South-South Collaboration To Strengthen Evidence Use in Africa
We are part of the Africa Evidence Network (AEN), the Global Evidence Synthesis Initiative (GESI) and the World Health Organisation Evidence Informed Policy Network (WHO-EVIPNet). We have collaborated with Scientists from the University of Johannesburg (Africa Centre for Evidence), the South African Cochrane Centre (SACC), Kenya Medical Research Institute (KEMRI) as well as local Ugandan institutions (Uganda Medical Association and the Ministry of Health) to advance the Research To Policy (R2P) agenda. More recently, we are working in partnership with the American University of Beirut (AUB) to scale up Rapid Response Mechanisms in East Central and Southern Africa (ECSA) and the Middle East and North African (MENA) regions, now codenamed UsEvidence.
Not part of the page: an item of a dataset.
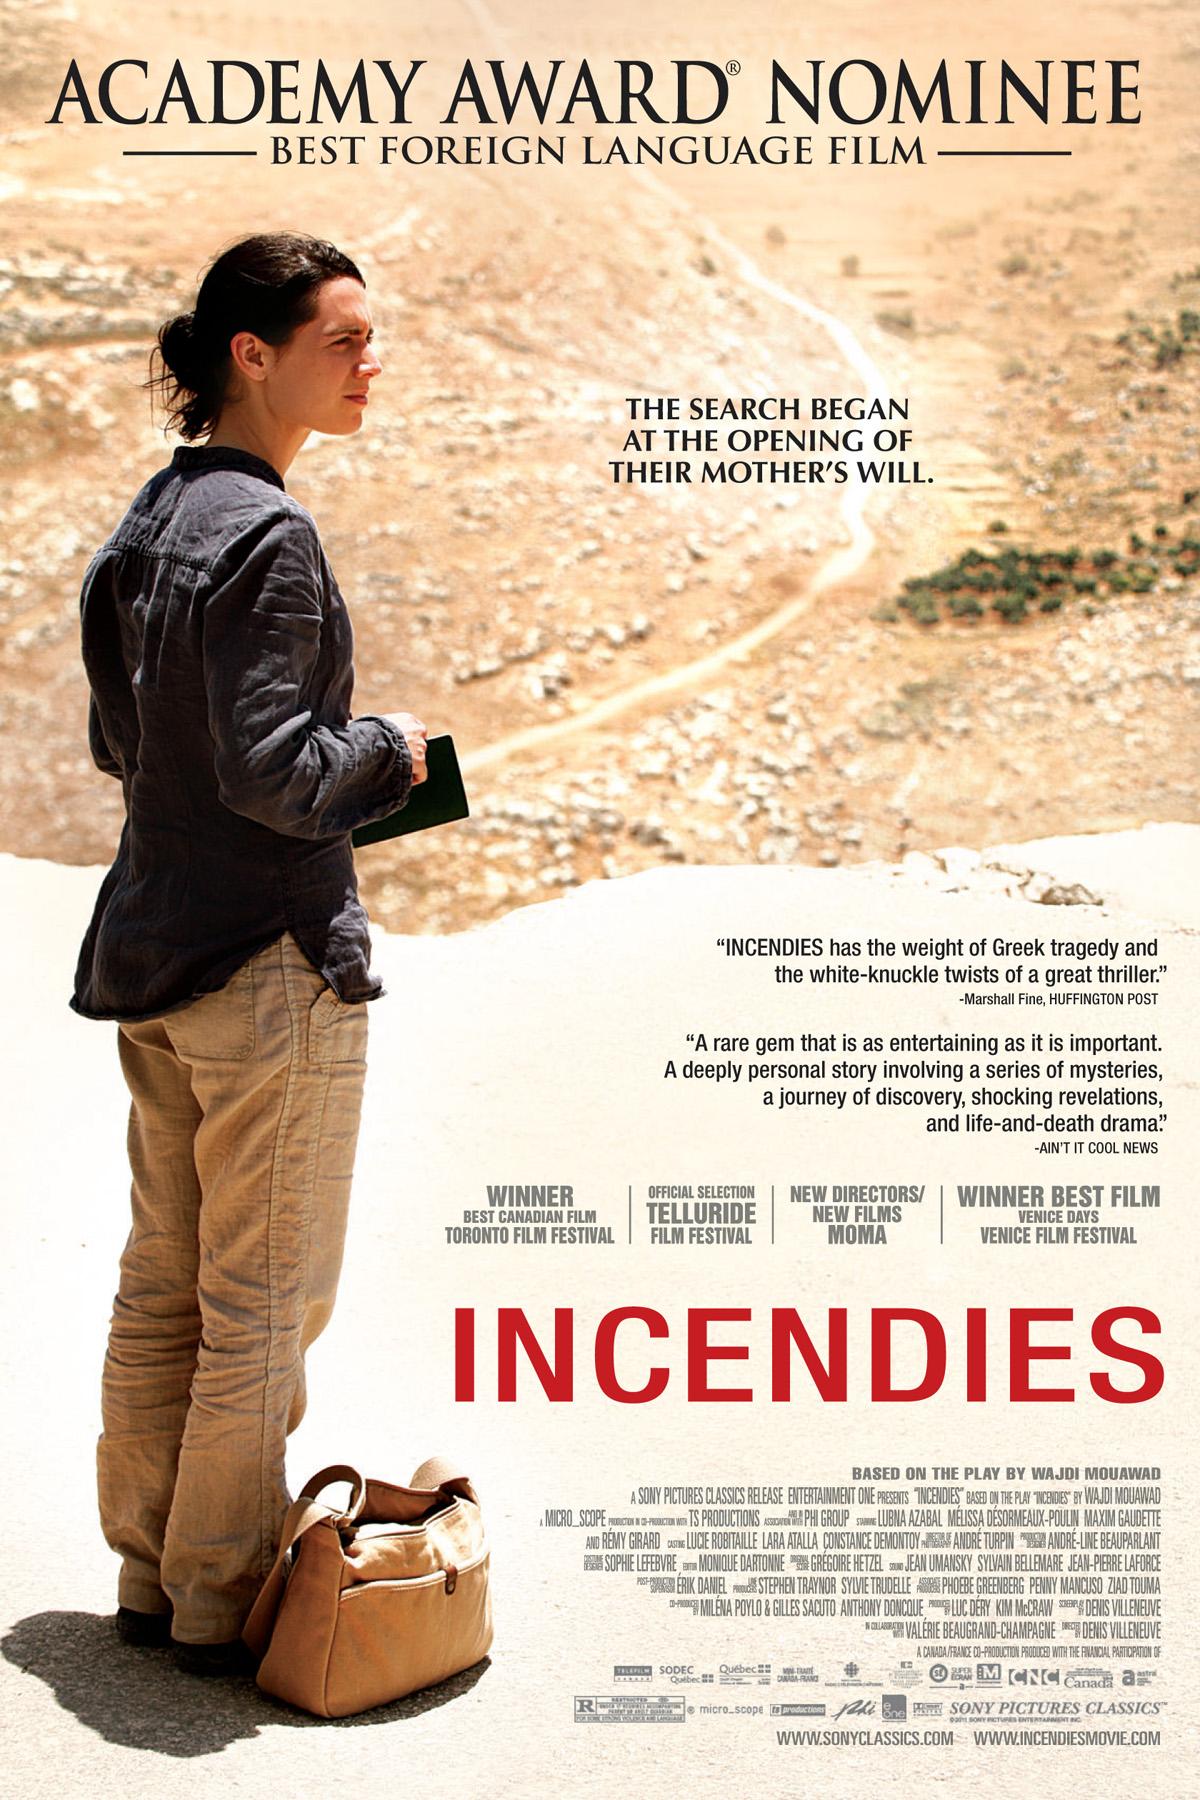 Incendies (2010) - IMDb

Indeed we have had successful North-South engagements with John Lavis at McMaster Health Forum, Canada; whilst Andrew Oxman of the Cochrane group Effective Practice and Organization of Care (EPOC) supported our inaugural training in 2013. In May 2017 we held a joint training with Howard White the Campbell Collaboration (CC) for the Office of The Prime Minister, Government of Uganda.
Evidence Synthesis in South Africa: Key Lessons
“If you want to move fast, move alone. If you want to move far, move together”. This African proverb characterized my visit at the Africa Centre for Evidence (ACE), University of Johannesburg, in the winter of 2017. I participated in a public lecture on Evidence Synthesis in Africa. This audience was quite receptive and engaged, each having a stake in moving forward the EIDM agenda in Africa. Remarkably, physical presence of the DPME of the South African government was reassuring that we are on track together with decision takers and policy makers. Indeed South Africa remains our powerhouse and providing this leadership in the African continent has never been timelier. It is no wonder in September 2017; all roads lead to Cape Town for the Global Evidence Summit. A key take home message from this session was “…At all times, we mustn’t forget the dangers of driving findings from a single study and this message should permeate through the web of the Africa Evidence Network…”
The collaborative learning at the ACE, during the critical appraisal of included studies into the systematic review on the effects of interventions supporting women’s participation in the labour market in LMICs. It was a convergence of paradigms from different teams of scientists in the social sciences, medicine, economics and environment/ecosystems. This 360 degree collaborative interdisciplinary critical thinking, learning and exchange is more likely to propel Africa to achieve the Sustainable Development Goals by 2030. In as much as I have been involved with systematic reviewing for nearly half a decade, face-to-face interaction remains crucial in optimizing synergies in review teams. I am grateful to the funding support by the ACE/DFID to further up-skill my competence is evidence synthesis.
Last but not least, “siyabonga” for the typical South African rainbow hospitality. The people at this Research Village were warm, in such a cold winter: Ruth, Christa, Mary, Zafeer, Natalie, Yvonne, Charity, Promise, Desyree, Precious and obviously my main man Laurenz. Obviously, I had such a wonderful stay at Twickenham guesthouse. The food, music and scenery of Johannesburg are cherished memories.